Comment by: Peter on 22nd February 2019 at 08:41

I bought my foreign stamps from Stars, for my stamp collection and as l remember most of them were Magar Posta I think you as Hungry!

Comment by: Albert on 22nd February 2019 at 13:58

Was Mr. Platt the head of the Boy Scout movement in Wigan.

Comment by: Philip G. on 22nd February 2019 at 18:39

I remember the inscription well, Peter; Magyar Posta. Belgique, Suid-Afrika, Norge and many other countries lower denomination stamps were also offered in Stanley Gibbons' Approvals during the late fifties. Norway's SG 380 (the 'green' King Haaken Vii 1 Krone) was an almost certainty for inclusion.

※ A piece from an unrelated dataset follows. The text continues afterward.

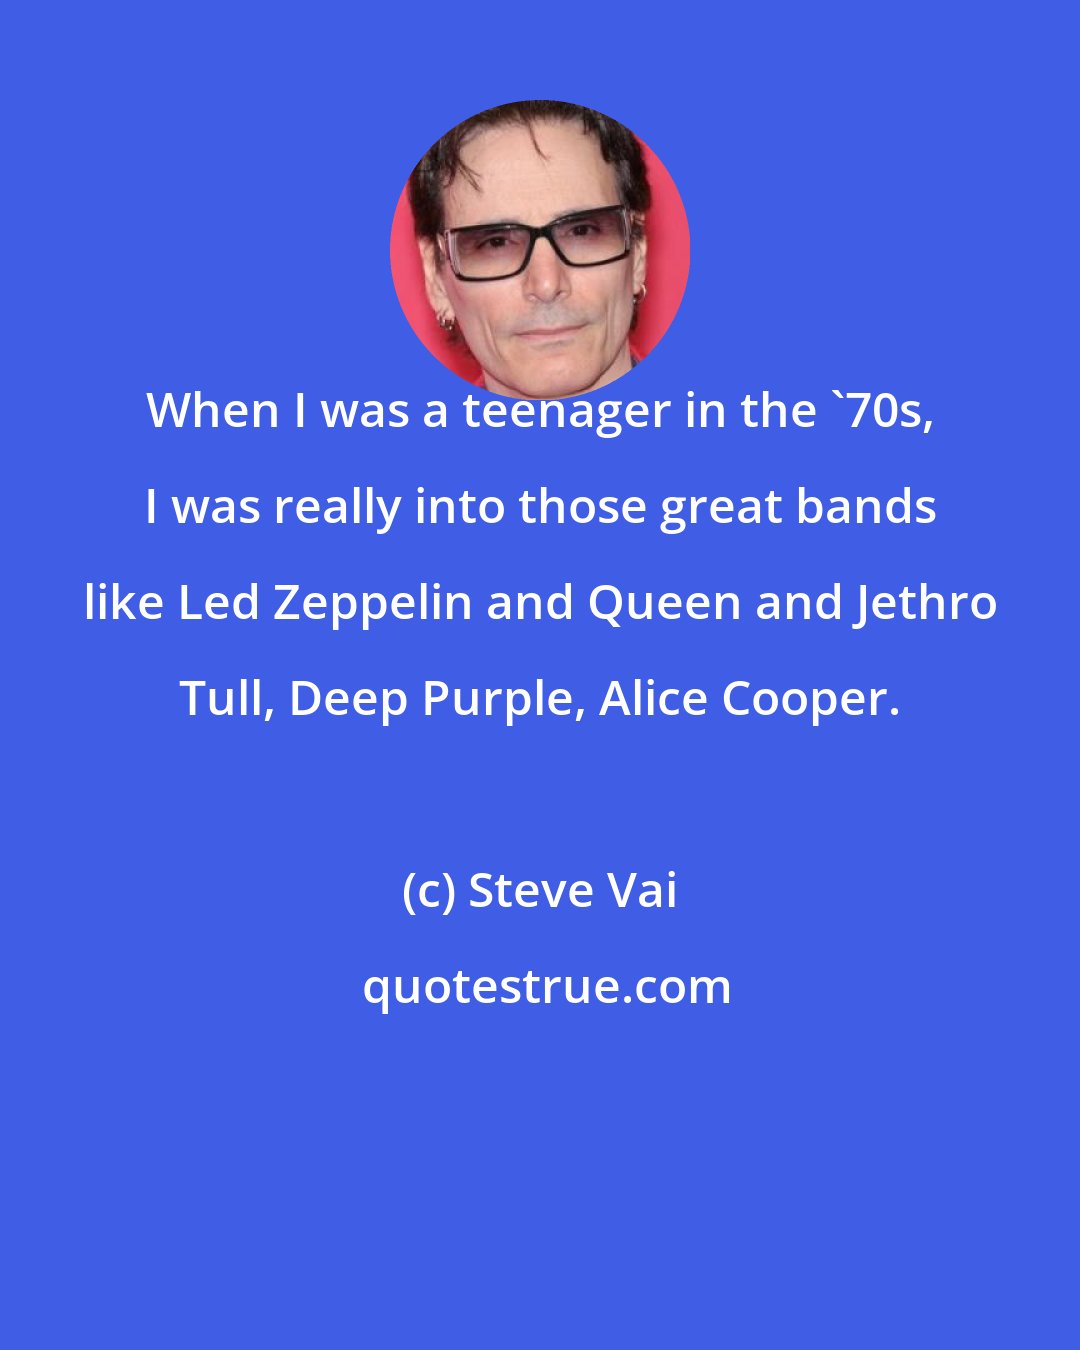 Steve Vai: When I was a teenager in the '70s, I was really into those great bands like Led Zeppelin and Queen and Jethro Tull, Deep Purple, Alice Cooper.

Comment by: Linma on 22nd February 2019 at 22:04

Yes he was Albert, bit of a scandal.

Comment by: Philip G. on 24th February 2019 at 09:54

A nice post Veronique.

Comment by: Veronica on 24th February 2019 at 11:42

Nice of you to say Philip- must say I like the French version of my name better!!!

Comment by: priscus on 24th February 2019 at 16:39

I remember Wildings being the go-to place for less run-of-the-mill stationery requirements.

Blotters, ink eradicator, drawing instruments, Linsen Fabric and such like.

Also Text Books, though usually to order, if not reading for a course running locally.